Received-SPF: pass (google.com: domain of linux-ext4-owner@vger.kernel.org designates 2620:137:e000::1:20 as permitted sender) client-ip=2620:137:e000::1:20;
Date:   Fri, 17 Jun 2022 17:11:35 +0200
From:   Jan Kara <jack@suse.cz>
To:     Amir Goldstein <amir73il@gmail.com>
Cc:     Jan Kara <jack@suse.cz>, Dave Chinner <david@fromorbit.com>,
        "Darrick J . Wong" <darrick.wong@oracle.com>,
        Christoph Hellwig <hch@lst.de>,
        Matthew Wilcox <willy@infradead.org>,
        linux-xfs <linux-xfs@vger.kernel.org>,
        linux-fsdevel <linux-fsdevel@vger.kernel.org>,
        Ext4 <linux-ext4@vger.kernel.org>,
        Lukas Czerner <lczerner@redhat.com>,
        Theodore Tso <tytso@mit.edu>, Al Viro <viro@zeniv.linux.org.uk>
Subject: Re: [POC][PATCH] xfs: reduce ilock contention on buffered randrw
 workload
Message-ID: <20220617151135.yc6vytge6hjabsuz@quack3>
References: <20190404165737.30889-1-amir73il@gmail.com>
 <20190404211730.GD26298@dastard>
 <CAOQ4uxjQNmxqmtA_VbYW0Su9rKRk2zobJmahcyeaEVOFKVQ5dw@mail.gmail.com>
 <20190407232728.GF26298@dastard>
 <CAOQ4uxgD4ErSUtbu0xqb5dSm_tM4J92qt6=hGH8GRc5KNGqP9A@mail.gmail.com>
 <20190408141114.GC15023@quack2.suse.cz>
 <CAOQ4uxhxgYASST1k-UaqfbLL9ERquHaKL2jtydB2+iF9aT8SRQ@mail.gmail.com>
 <20190409082605.GA8107@quack2.suse.cz>
 <CAOQ4uxgu4uKJp5t+RoumMneR6bw_k0CRhGhU-SLAky4VHSg9MQ@mail.gmail.com>
MIME-Version: 1.0
Content-Type: text/plain; charset=us-ascii
Content-Disposition: inline
In-Reply-To: <CAOQ4uxgu4uKJp5t+RoumMneR6bw_k0CRhGhU-SLAky4VHSg9MQ@mail.gmail.com>
Precedence: bulk

On Fri 17-06-22 17:48:08, Amir Goldstein wrote:
> On Tue, Apr 9, 2019 at 11:26 AM Jan Kara <jack@suse.cz> wrote:
> >
> > On Mon 08-04-19 20:41:09, Amir Goldstein wrote:
> > > On Mon, Apr 8, 2019 at 5:11 PM Jan Kara <jack@suse.cz> wrote:
> > > >
> > > > On Mon 08-04-19 12:02:34, Amir Goldstein wrote:
> > > > > On Mon, Apr 8, 2019 at 2:27 AM Dave Chinner <david@fromorbit.com> wrote:
> > > > > >
> > > > > > On Fri, Apr 05, 2019 at 05:02:33PM +0300, Amir Goldstein wrote:
> > > > > > > On Fri, Apr 5, 2019 at 12:17 AM Dave Chinner <david@fromorbit.com> wrote:
> > > > > > > >
> > > > > > > > On Thu, Apr 04, 2019 at 07:57:37PM +0300, Amir Goldstein wrote:
> > > > > > > > > This patch improves performance of mixed random rw workload
> > > > > > > > > on xfs without relaxing the atomic buffered read/write guaranty
> > > > > > > > > that xfs has always provided.
> > > > > > > > >
> > > > > > > > > We achieve that by calling generic_file_read_iter() twice.
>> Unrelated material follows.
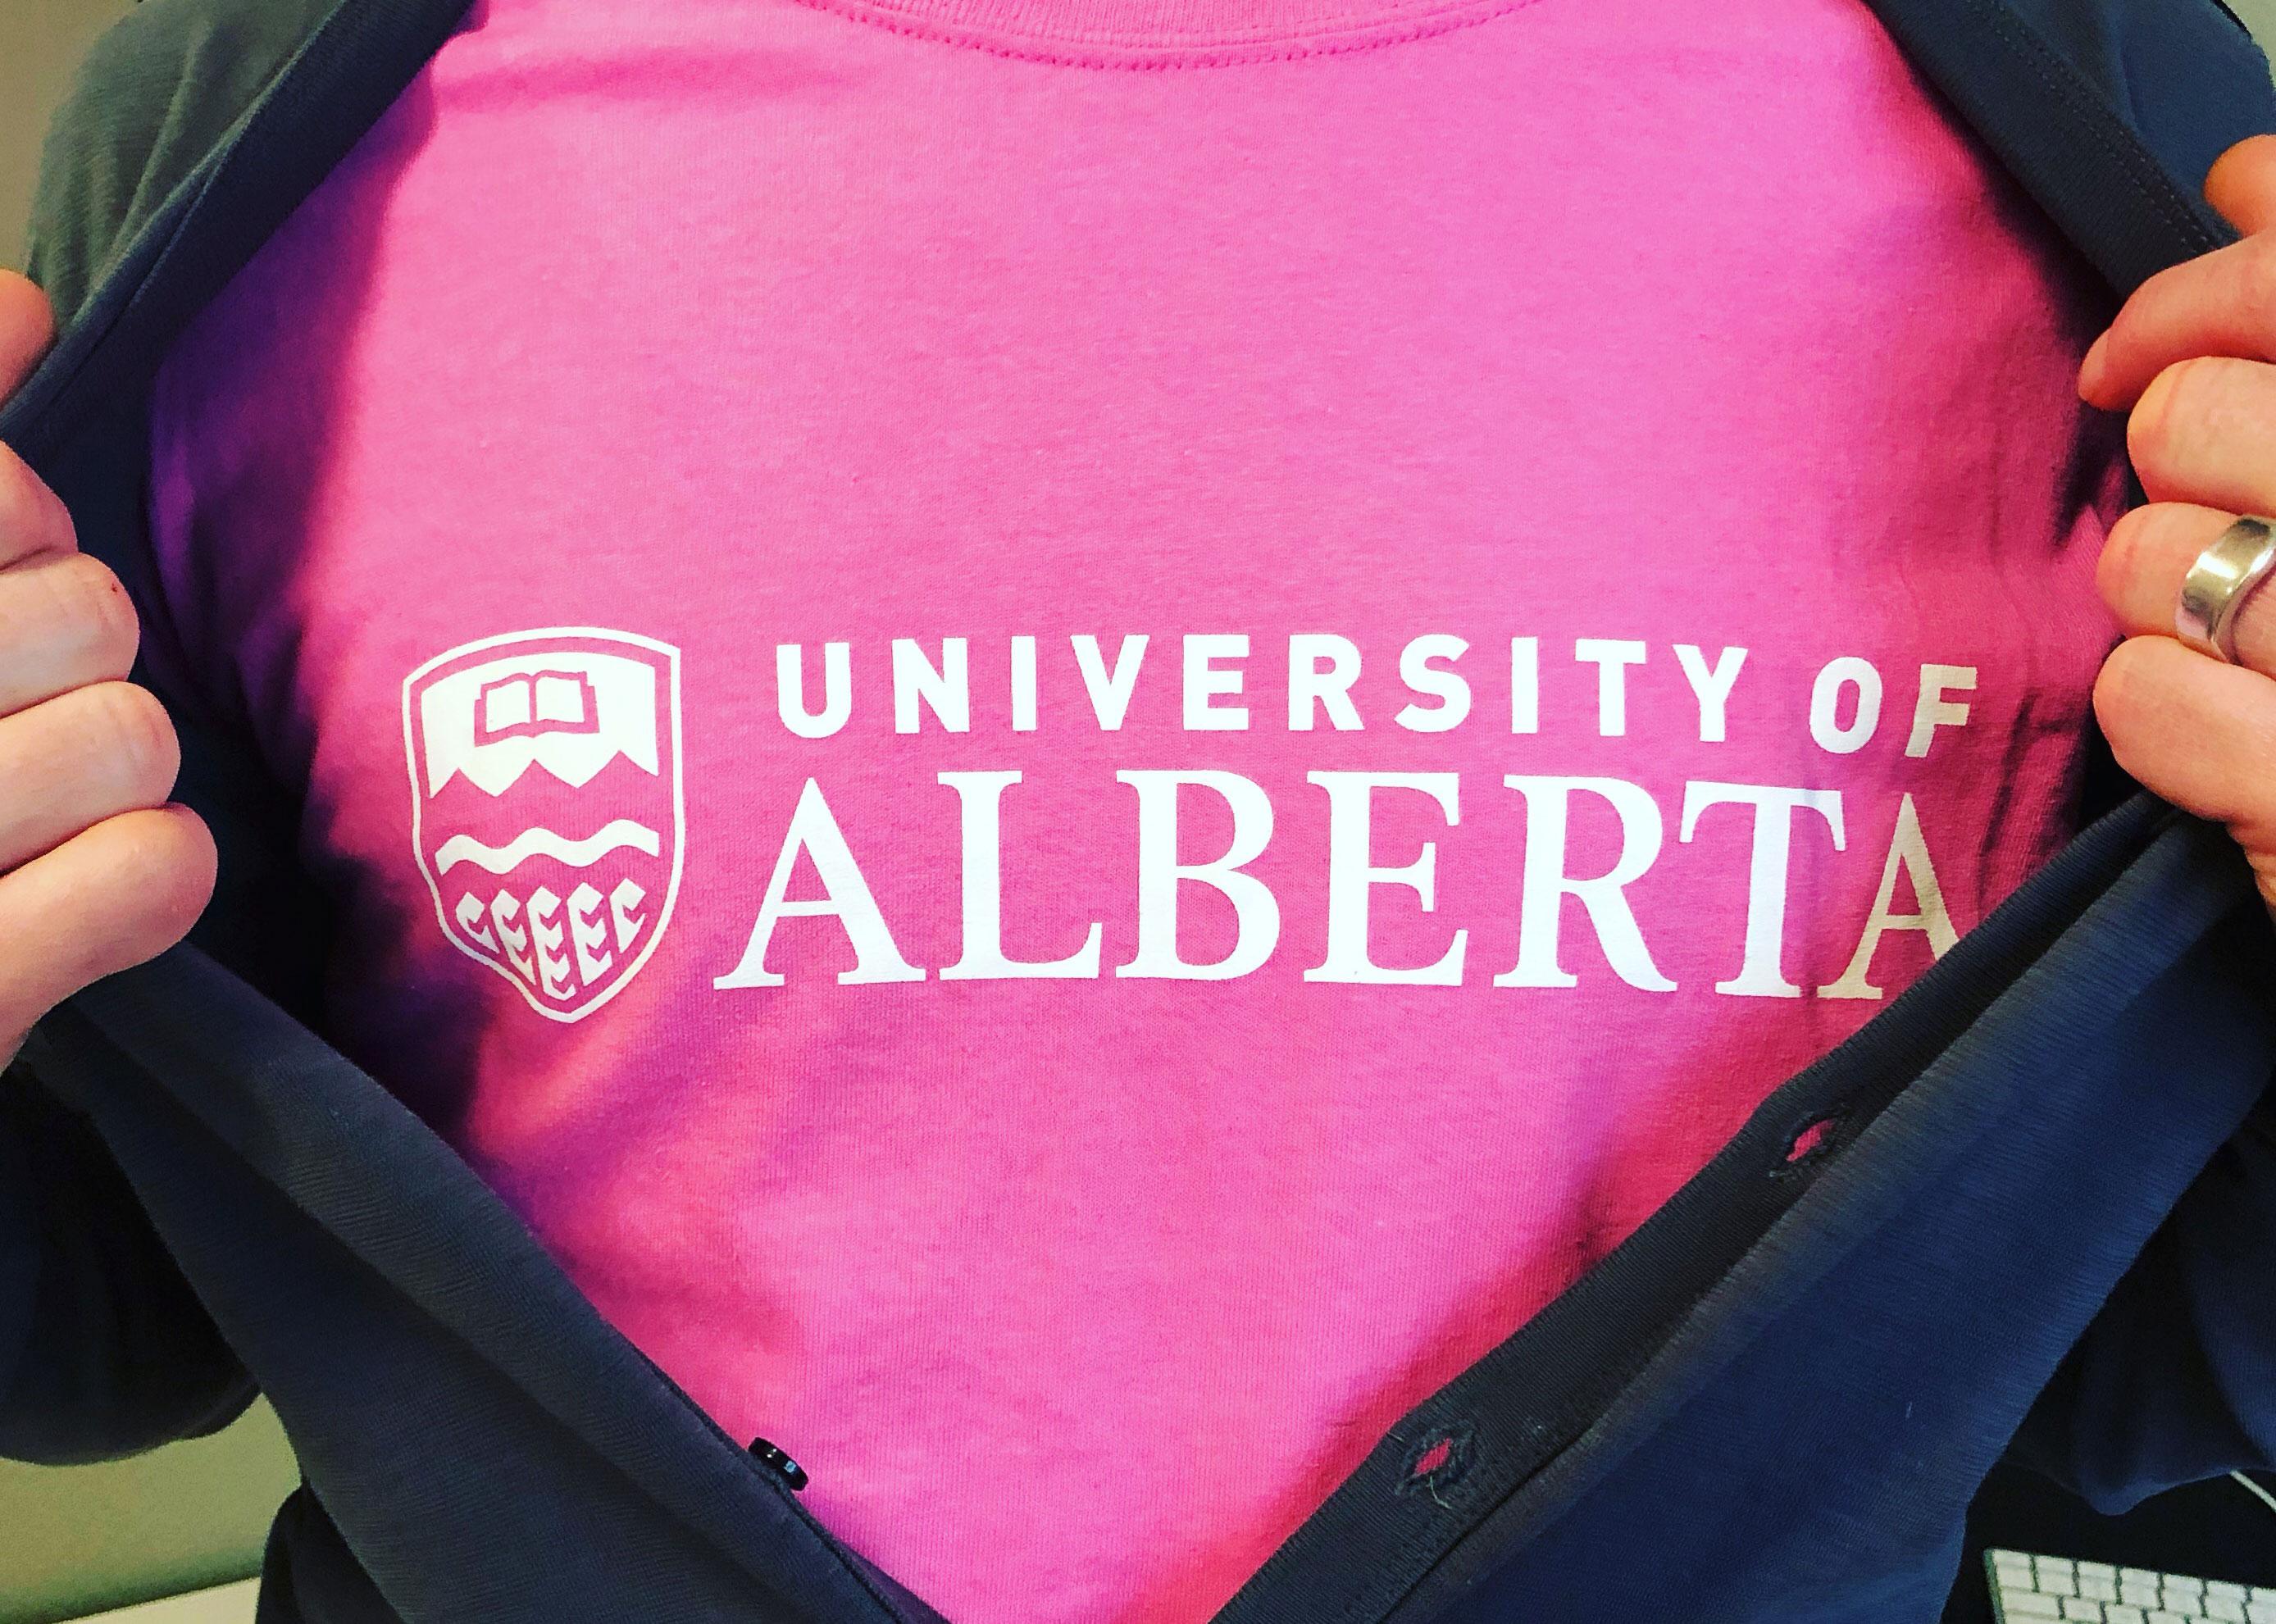 A Pink University of Alberta T-Shirt

> > > > > > > > > Once with a discard iterator to warm up page cache before taking
> > > > > > > > > the shared ilock and once again under shared ilock.
> > > > > > > >
> > > > > > > > This will race with thing like truncate, hole punching, etc that
> > > > > > > > serialise IO and invalidate the page cache for data integrity
> > > > > > > > reasons under the IOLOCK. These rely on there being no IO to the
> > > > > > > > inode in progress at all to work correctly, which this patch
> > > > > > > > violates. IOWs, while this is fast, it is not safe and so not a
> > > > > > > > viable approach to solving the problem.
> > > > > > > >
> > > > > > >
> > > > > > > This statement leaves me wondering, if ext4 does not takes
> > > > > > > i_rwsem on generic_file_read_iter(), how does ext4 (or any other
> > > > > > > fs for that matter) guaranty buffered read synchronization with
> > > > > > > truncate, hole punching etc?
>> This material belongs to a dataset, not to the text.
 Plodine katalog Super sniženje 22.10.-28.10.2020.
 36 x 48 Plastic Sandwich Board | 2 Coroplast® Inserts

> > > > > > > The answer in ext4 case is i_mmap_sem, which is read locked
> > > > > > > in the page fault handler.
> > > > > >
> > > > > > Nope, the  i_mmap_sem is for serialisation of /page faults/ against
> > > > > > truncate, holepunching, etc. Completely irrelevant to the read()
> > > > > > path.
> > > > > >
> > > > >
> > > > > I'm at lost here. Why are page faults completely irrelevant to read()
> > > > > path? Aren't full pages supposed to be faulted in on read() after
> > > > > truncate_pagecache_range()?
> > > >
> > > > During read(2), pages are not "faulted in". Just look at
> > > > what generic_file_buffered_read() does. It uses completely separate code to
> > > > add page to page cache, trigger readahead, and possibly call ->readpage() to
> > > > fill the page with data. "fault" path (handled by filemap_fault()) applies
> > > > only to accesses from userspace to mmaps.
> > > >
> > >
> > > Oh! thanks for fixing my blind spot.
> > > So if you agree with Dave that ext4, and who knows what other fs,
> > > are vulnerable to populating page cache with stale "uptodate" data,
> >
> > Not that many filesystems support punching holes but you're right.
> >
> > > then it seems to me that also xfs is vulnerable via readahead(2) and
> > > posix_fadvise().
> >
> > Yes, this is correct AFAICT.
> >
> > > Mind you, I recently added an fadvise f_op, so it could be used by
> > > xfs to synchronize with IOLOCK.
> >
> > And yes, this should work.
> >
> > > Perhaps a better solution would be for truncate_pagecache_range()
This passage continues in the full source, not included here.